» WORK REQUEST:
Please give back the listing below word for word and drop any images.

[[ DATA BLOCK open ]]

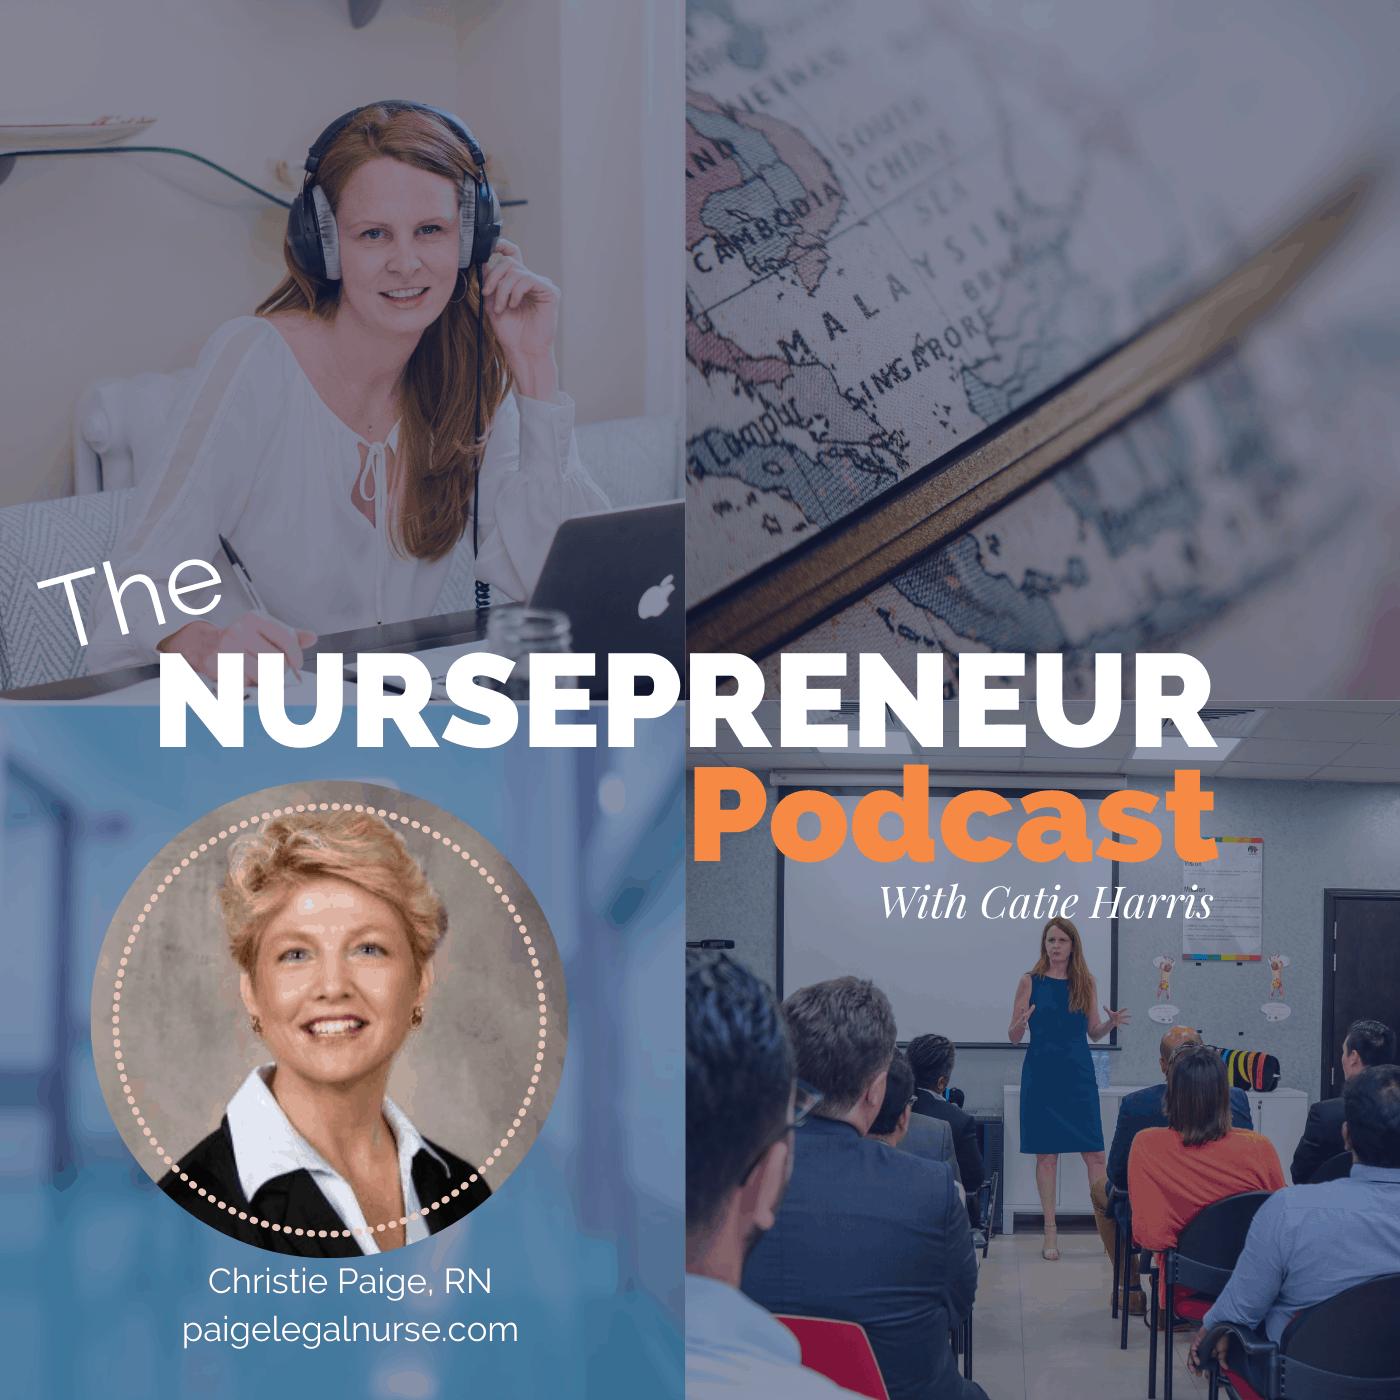 Are Marketing Materials a Waste of Money? NursePreneur Podcast
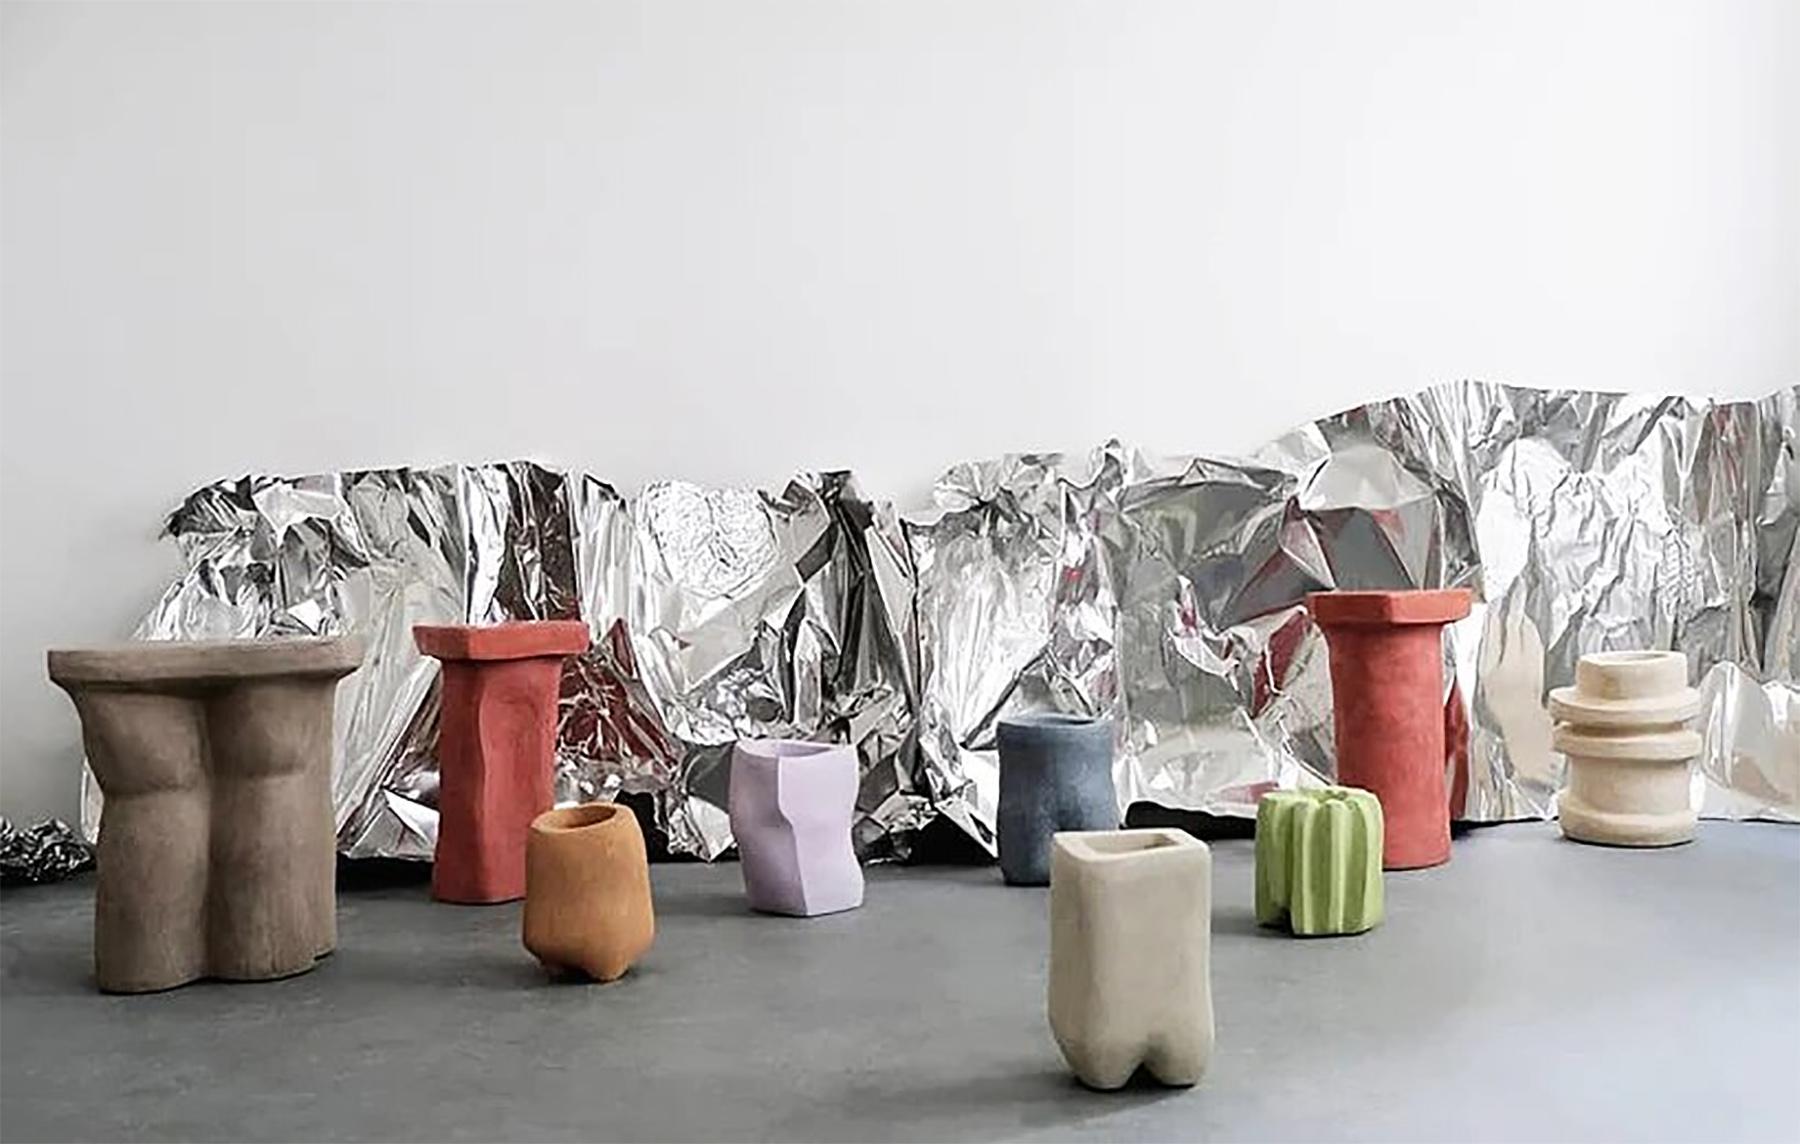 Hemp plant pots
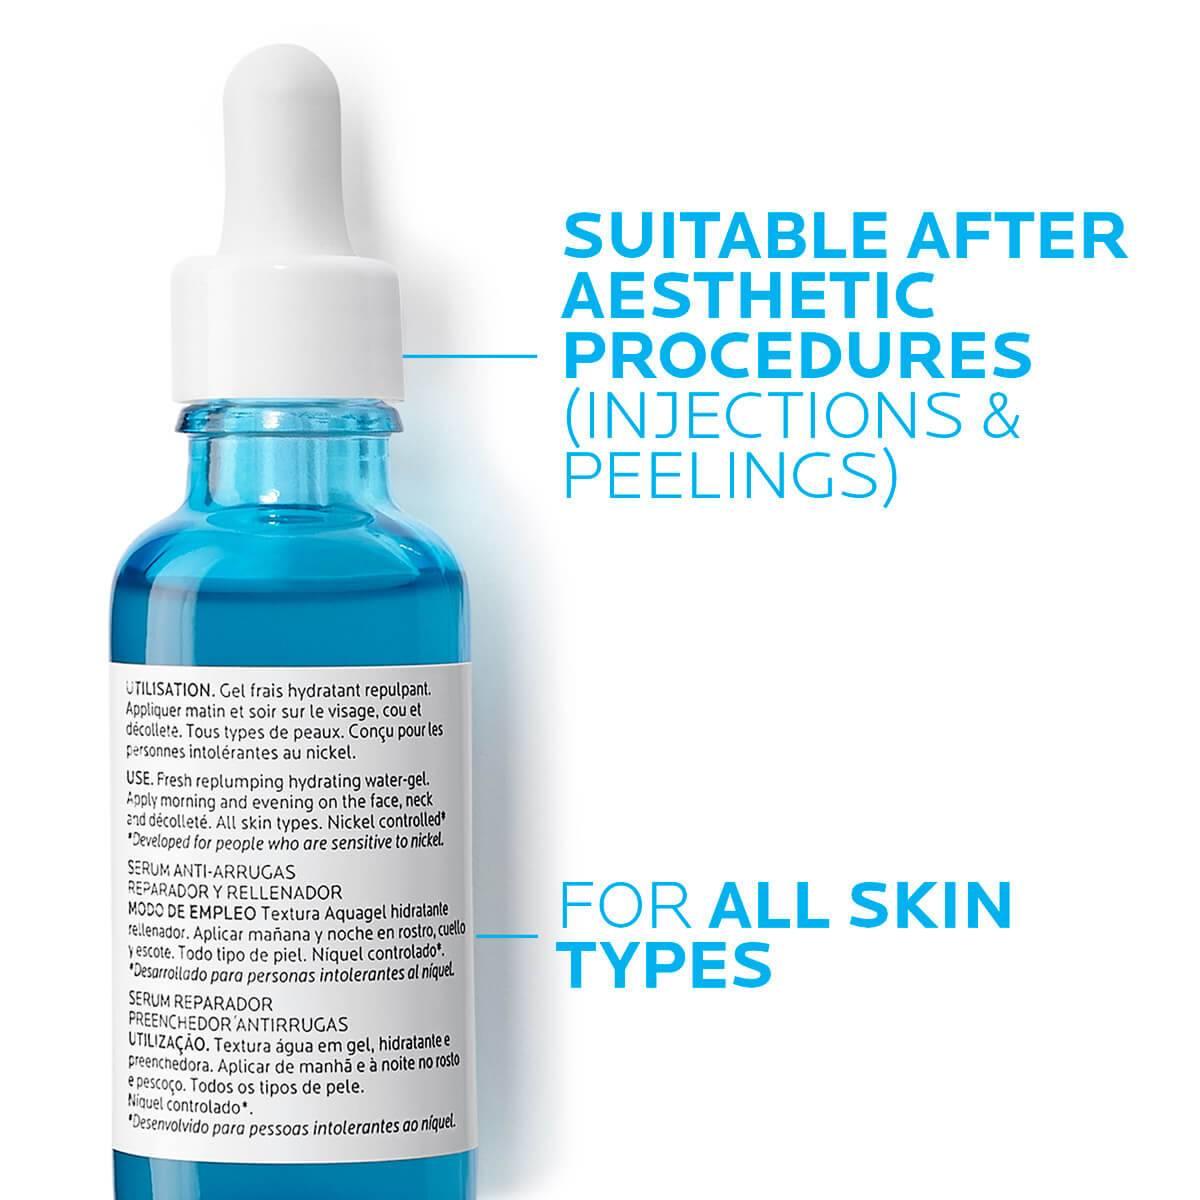 La Roche Posay ProductPage Anti Aging Hyalu B5 Serum 30ml 333787558362
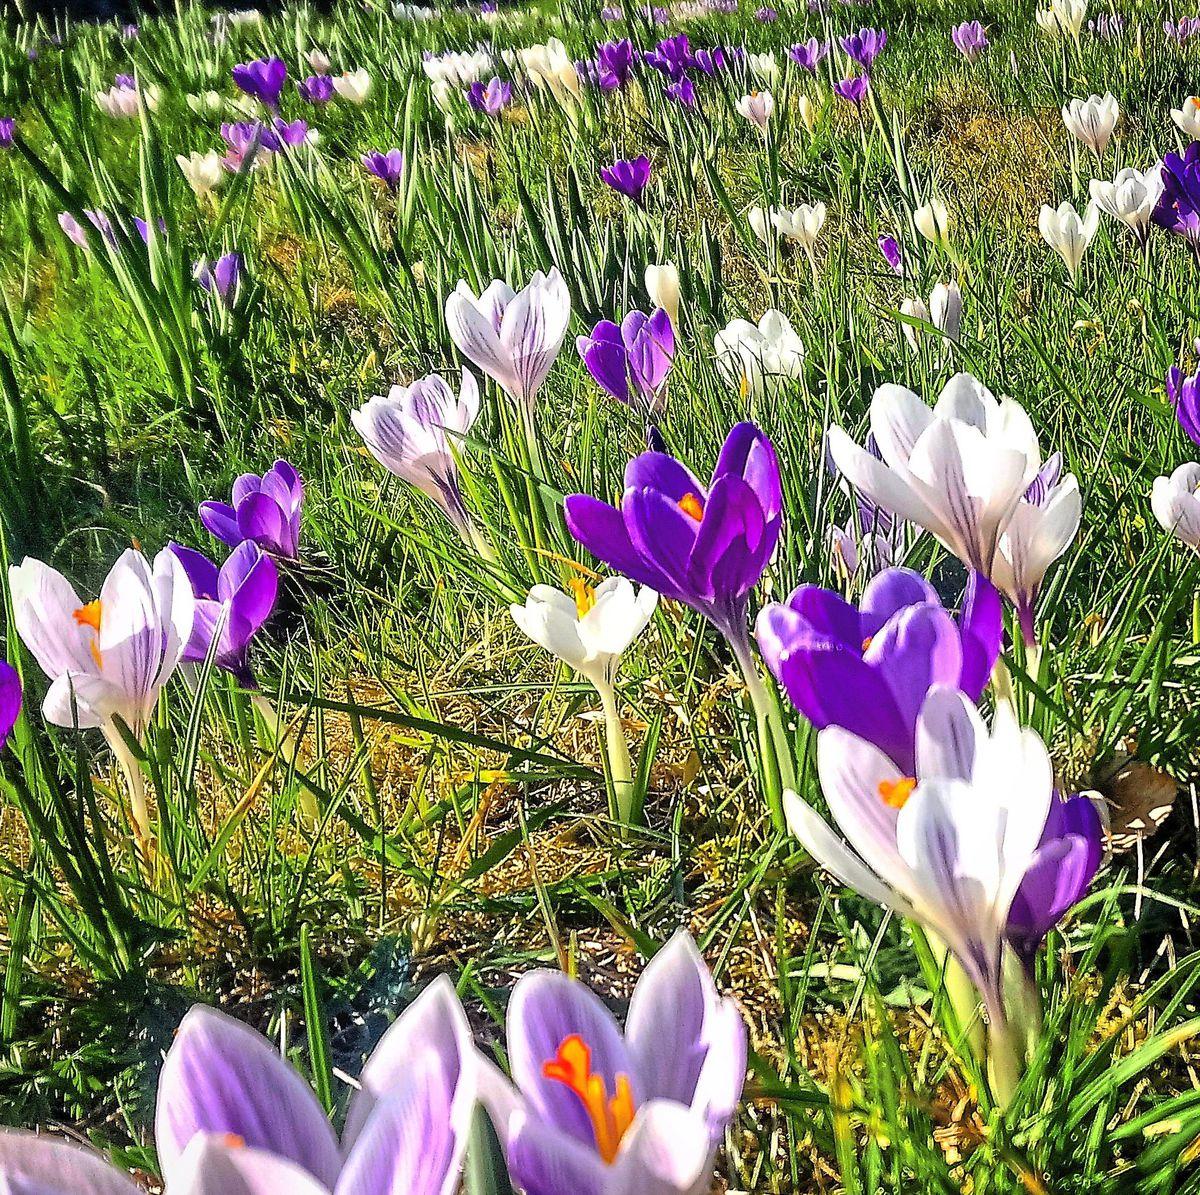 Spring flowers snapped at Clive Church, near Shrewsbury, by Scott Roberts/@shrews01

[[ DATA BLOCK closed ]]

» FINISHED TASK:
 Are Marketing Materials a Waste of Money? NursePreneur Podcast
 Hemp plant pots
 La Roche Posay ProductPage Anti Aging Hyalu B5 Serum 30ml 333787558362
 Spring flowers snapped at Clive Church, near Shrewsbury, by Scott Roberts/@shrews01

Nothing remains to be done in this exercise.